|
|
|
|
|
by avthar
593 days ago
|
|
Hey HN! Post co-author here, excited to share our new open-source PostgreSQL tool that re-imagines vector embeddings as database indexes. It's not literally an index but it functions like one to update embeddings as source data gets added, deleted or changed. Right now the system only supports OpenAI as an embedding provider, but we plan to extend with local and OSS model support soon. Eager to hear your feedback and reactions. If you'd like to leave an issue or better yet a PR, you can do so here [1] [1]: https://github.com/timescale/pgai |
|
One question - in the RAG projects we've done, most of the source data was scattered in various source systems, but wasn't necessarily imported into a single DB or Data Lake. For example, building an internal Q&A tool for a company that has knowledge stored in services like Zendesk, Google Drive, an internal company Wiki, etc.

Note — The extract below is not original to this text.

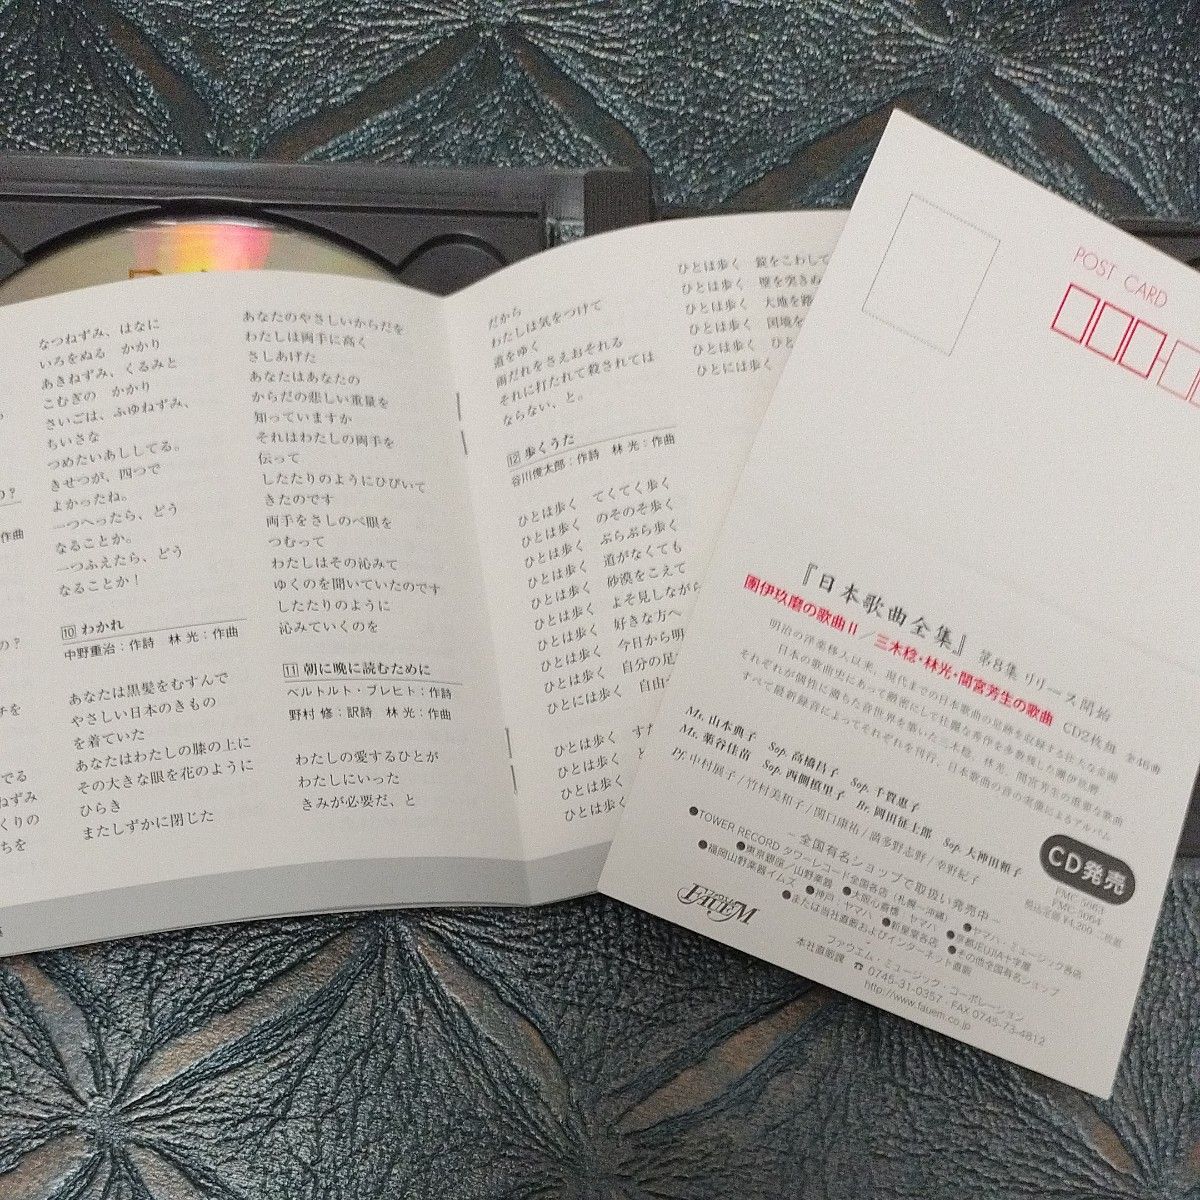 日本歌曲 第８集 團 伊玖磨の歌曲II / 三木 稔の歌曲・林 光の歌曲・間宮芳生の歌曲【2CD】

In those cases, it made sense to not import the source documents, or only import metadata about them, and keep the embeddings in a dedicated Vector DB. This seems to me to be a fairly common use case - most enterprises have this kind of data scattered across various systems.
How do you envision this kind of use case working with this tool? I may have missed it, but you mention things like working with images, etc, is your assumption that everyone is storing all of that data in Postgres?